In The Market to Buy?

Here are five steps that will get you off on the right foot:

Get Your Finances In Order

Your credit reports are an ongoing look at how you manage your finances. It’s best to know what your credit reports say about your financial history before you apply for a mortgage. Your reports play an important role in the mortgage approval process and in determining theĀ  interest rate and other loan terms that a lender offers you.

Get Familiar With The Mortgage Industry

Finding the right loan and lender is crucial. It’s up to you to determine which lender is best for your needs, and it’s always a good idea to have some background about the loan process before you talk to a lender. HOW SHOULD THIS BE ACCOMPLISHED?

Get Pre-Approved For A Mortgage

Consider this scenario: A home seller gets two similar offers. One is accompanied by a letter from the buyer’s bank that states she is pre-approved for a mortgage in the amount of the offer. The other has no supporting documents. Which offer do you think the seller will consider first?

Determine Your Wants And Needs

Buying a home isn’t as difficult as you might think. You can make it even easier if you get familiar with your local real estate market ahead of time, and make a list of your wants and needs before you start looking at houses.

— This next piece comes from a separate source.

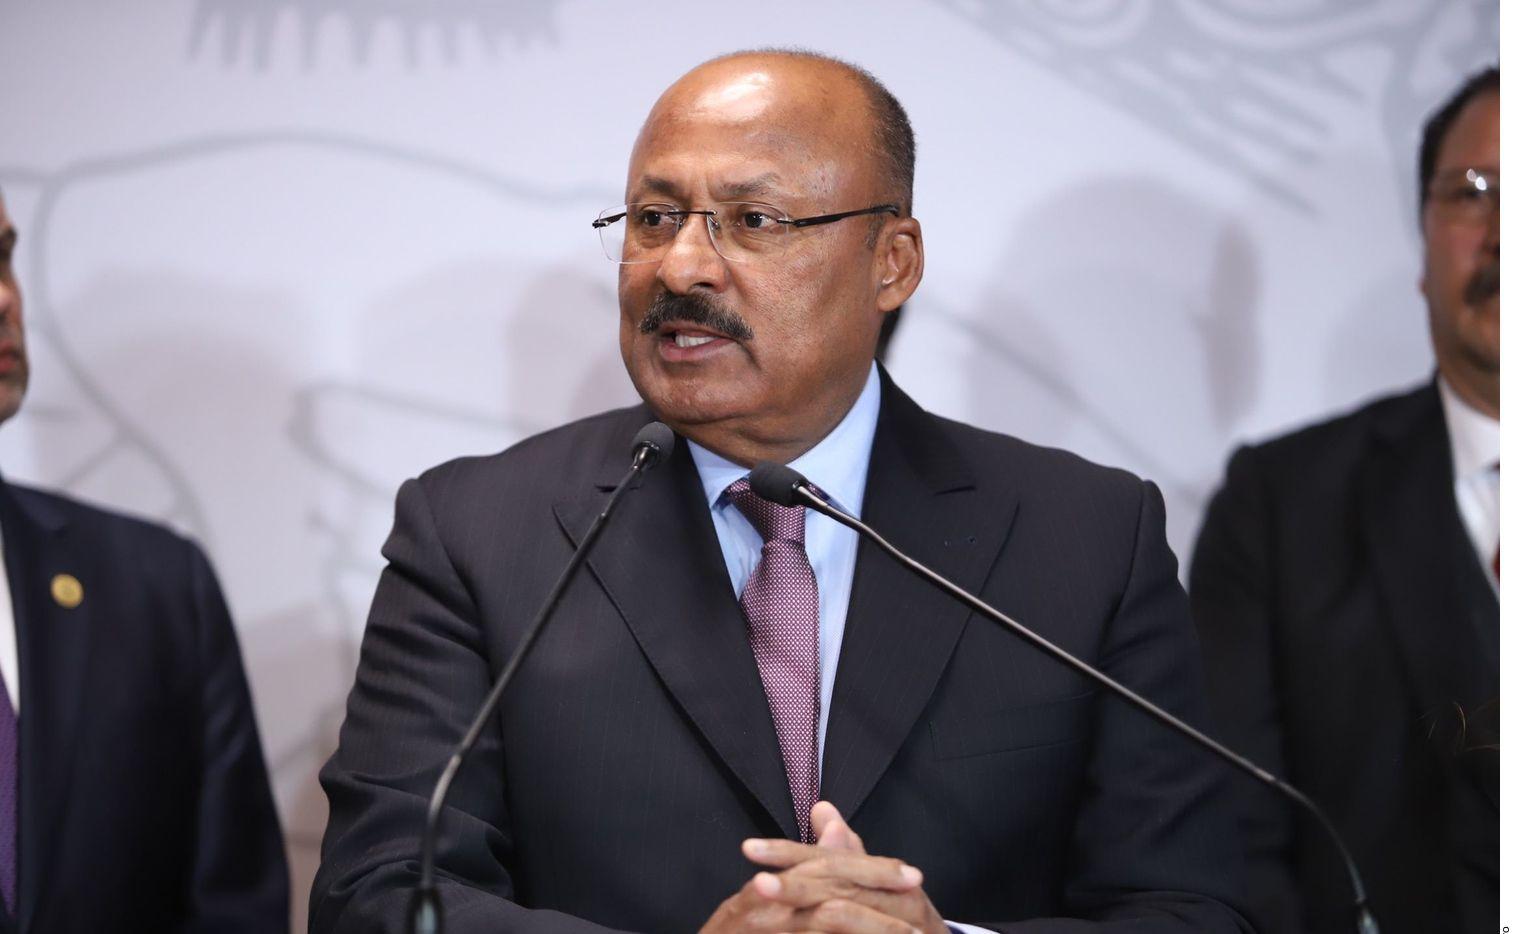 René Juárez Cisneros, coordinador de los diputados del PRI y ex gobernador de Guerrero, murió este lunes, confirmó Héctor Astudillo.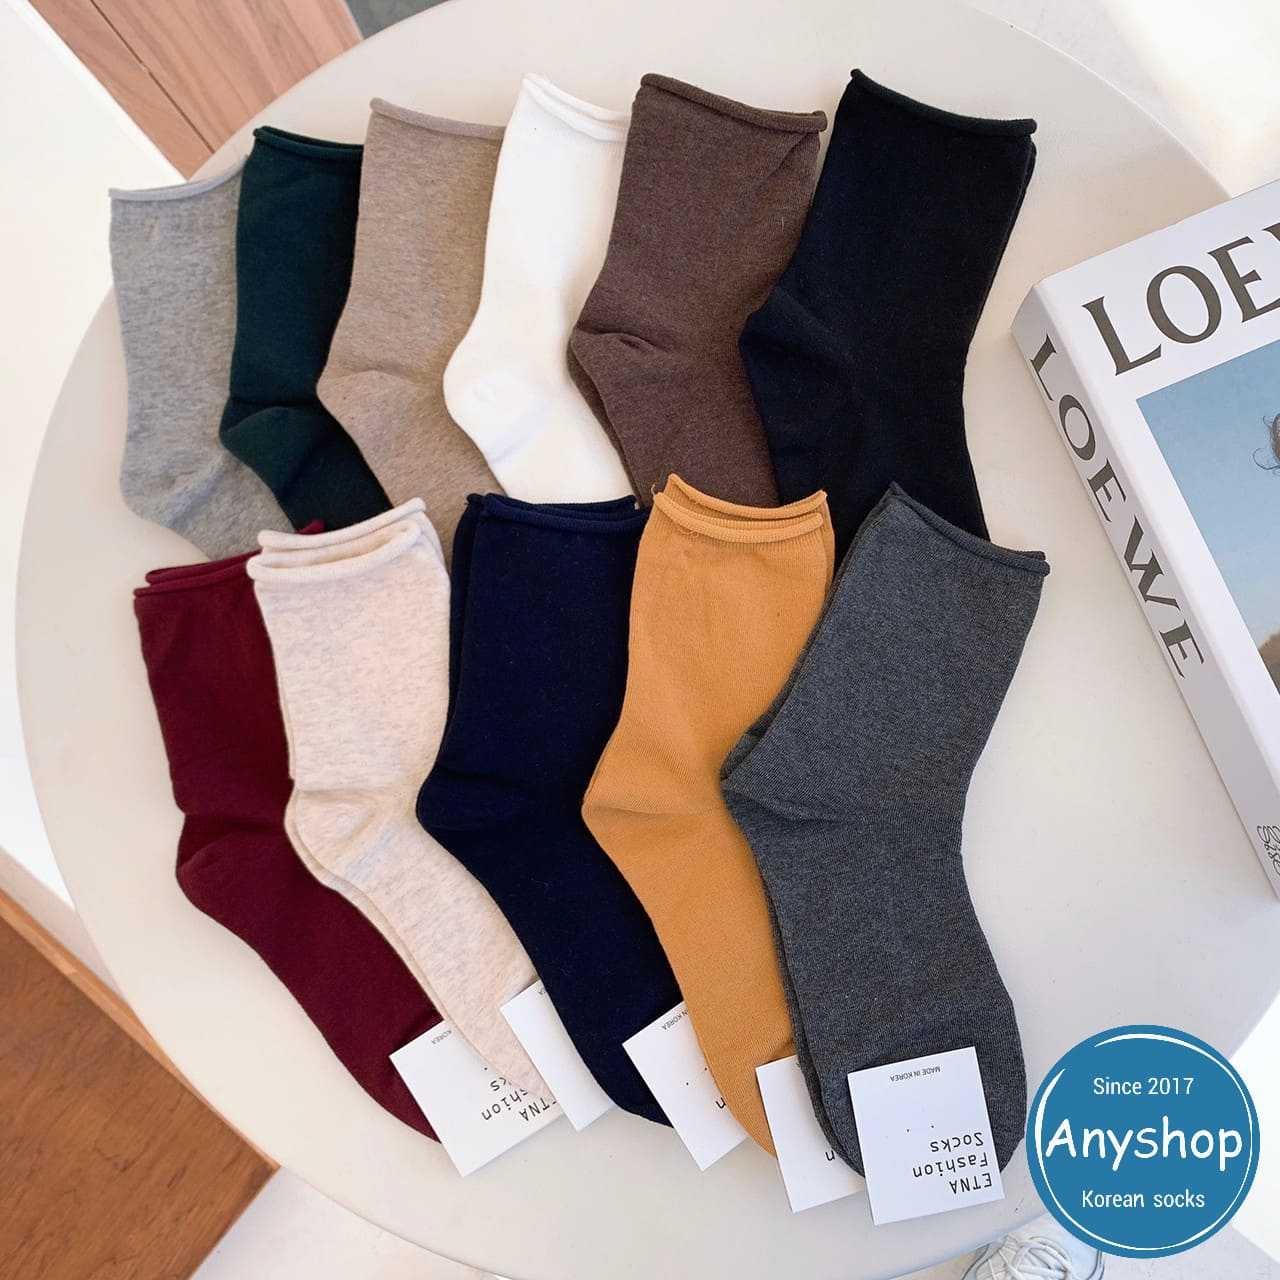 韓國襪-[Anyshop]ETNA經典無痕捲邊素襪

Learn To Work With Your Real Estate Agent

Real estate agents represent buyers, sellers, or both -and in some cases they an work as neutral facilitators for either party. Know what you want from a real estate agent and be clear about his or her duties and loyalties.

Understanding CMAs

Don’t want to pay too much for a home? Want to be sure that you aren’t paying more than market value for your home purchase? A CMA – Comparative (or Comparable) Market Analysis – is the strongest tool in your home-buying arsenal to help assure you’re paying a fair price.

A CMA recaps housing activity in the area in which you are interested, focusing generally on three properties that are similar in size and amenities located in the same neighborhood or nearby. The CMA will list specific details (number of bedrooms, number of baths, total room count, square footage, age, etc.) for similar properties that are currently on the market (active listings); are under contract but not yet closed (pending listings); have closed and transferred ownership (sold listings); along with those listings that have either expired without selling or have been withdrawn by the seller (taken off the market).

Because a CMA compares similar properties, it can give you a pretty clear snapshot of current housing values in a specific housing market. Although the CMA is very important, it cannot be used as an absolute determination of value, since it generally does not put a lot of weight on condition, an obviously important factor.

While the CMA will list homes that are currently on the market as well as those that are pending or have expired, it is those properties that have sold and closed that give the most information.This information is important because it details specifically what buyers are willing to pay (and lenders are willing to lend for specific properties.

Don’t make the mistake of putting too much weight on the prices of properties currently on the market. These homes could be wildly overpriced compared to the price for which they eventually sell. Likewise, one of the biggest reasons that a property listing will expire without selling is because it is overpriced. So take the prices of these expired listings with a grain of salt.

A CMA can be your most important tool in negotiation, since it will detail exactly where, price-wise, the house in which you are interested is positioned. Is it underpriced (a bargain), priced “on the money” (a fair price for both buyer and seller) or overpriced (time to either negotiate hard or walk away).

Remember, if you overpay for a home in a strongly appreciating market, the market will eventually cover your mistake. If, however, you overpay in a flat or declining market, you will end up holding the financial bag.